Menariknya, naskah buatan Panahi tidak melulu tampil serius. Seolah menegaskan bahwa penyiksaan yang juga pernah ia alami sudah gagal menghancurkannya, sang sineas menyajikan sentilan-sentilan terhadap kekacauan sistem negaranya secara menggelitik. Selalu ada ironi di balik komedi milik Panahi. Misal sewaktu dua orang satpam menuduh Hamid hendak memalak karakter lain, hanya untuk berbalik memalak mereka, meminta uang pelicin yang bisa dibayarkan lewat kartu debit.
Penyutradaraan Panahi pun luar biasa. It Was Just an Accident merupakan salah satu karyanya yang paling kompleks secara artistik. Pemanfaatan tata cahaya jadi contoh terbaik, dari hal kecil seperti nyala dari layar tablet yang layaknya sorot lampu pertunjukan teater, dipakai untuk memperkenalkan putri dari "terduga Eghbal" di adegan pembuka, hingga penggunaan warna merah dari lampu mobil pada momen-momen yang mencekam, tidak hanya bagi penonton tapi juga karakternya.

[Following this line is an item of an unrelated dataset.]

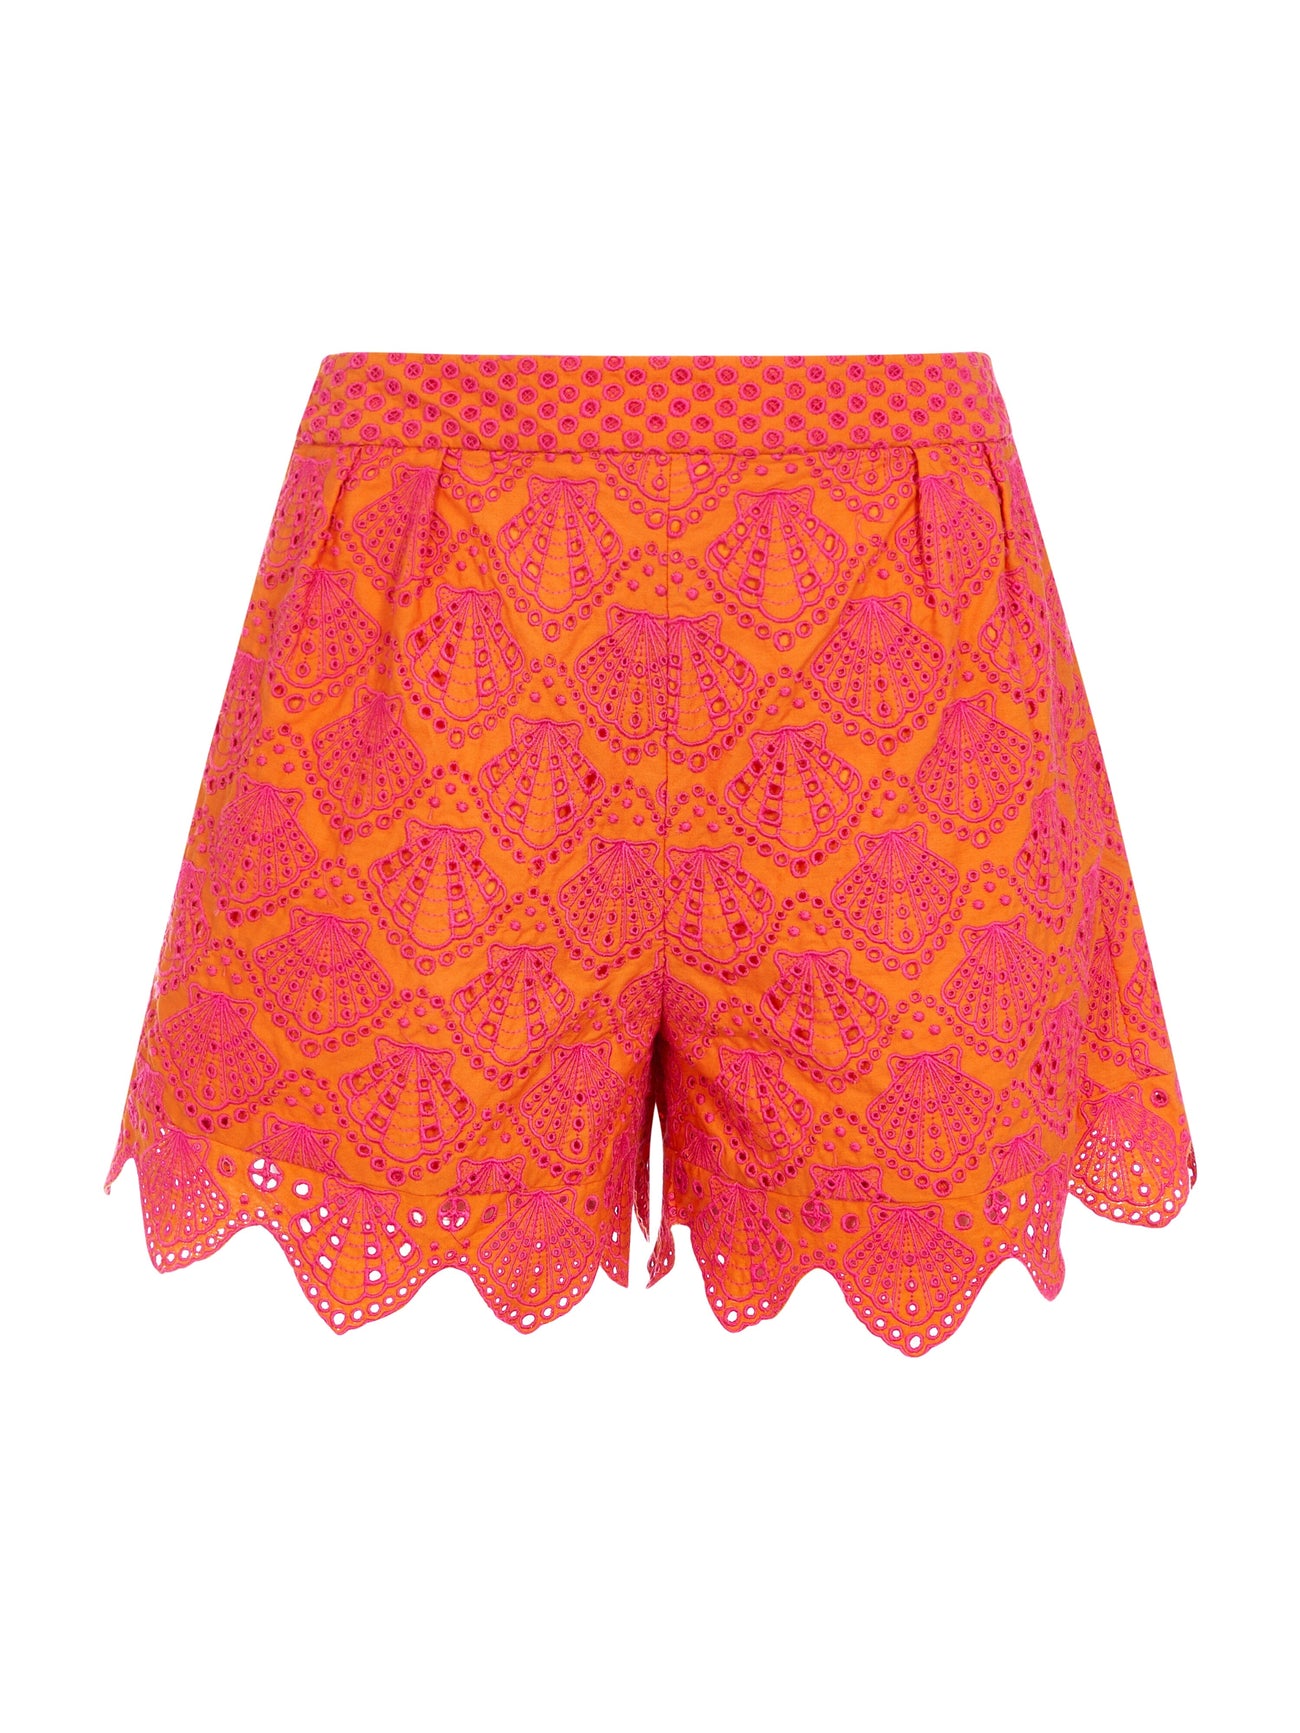 Load image into Gallery viewer, Paige Scallop Shorts in Orange Berry

Panahi menolak membiarkan opresi rezim mengekang suaranya, sehingga fakta bahwa It Was Just an Accident banyak mengambil latar di dalam van sempit milik Vahid pun takkan memenjarakan kreativitasnya. Justru di ruang sempit itulah Panahi banyak "berbicara".
Di satu titik, Shiva membuka peti tempat Vahid mengurung "terduga Eghbal". Jika kebanyakan sutradara bakal menerapkan teknik shot/reverse shot, dengan segera menunjukkan kondisi tubuh dalam peti tersebut setelah kita melihat ekspresi Shiva, Panahi muncul dengan pendekatan berbeda. Kamera tidak pernah melepaskan sorotan dari wajah si fotografer, seolah memberi empati terhadap kondisi psikisnya selaku mantan tahanan politik.
Klimaksnya mungkin berlangsung agak terlalu lama, tapi wajar saja, sebab Panahi menggunakannya sebagai ruang katarsis. Mengandalkan kemampuan para pemainnya mengolah emosi, Panahi menumpahkan protes, sakit hati, amarah, sembari membuktikan kematangan dirinya, yang menolak jadi korban adu domba rezim, dengan sadar betul bahwa segala penderitaan berasal dari kekacauan sistem buatan para penguasa opresif.
Kemudian barulah It Was Just an Accident tiba di adegan penutup yang bakal menghantui pikiran untuk waktu yang lama. Momen tersebut luar biasa, karena tanpa harus terkesan pamer, Panahi menggabungkan beragam bentuk penceritaan. Peleburan bahasa visual (membiarkan gambar bercerita tanpa penjelasan) dan audio (suara decitan tidak pernah semencekam ini), juga bentuk penceritaan nonverbal, yang uniknya, memiliki dampak emosi berkat tuturan bersifat verbal yang hadir beberapa menit sebelumnya (perhatikan detail obrolan di klimaks). Lengkap.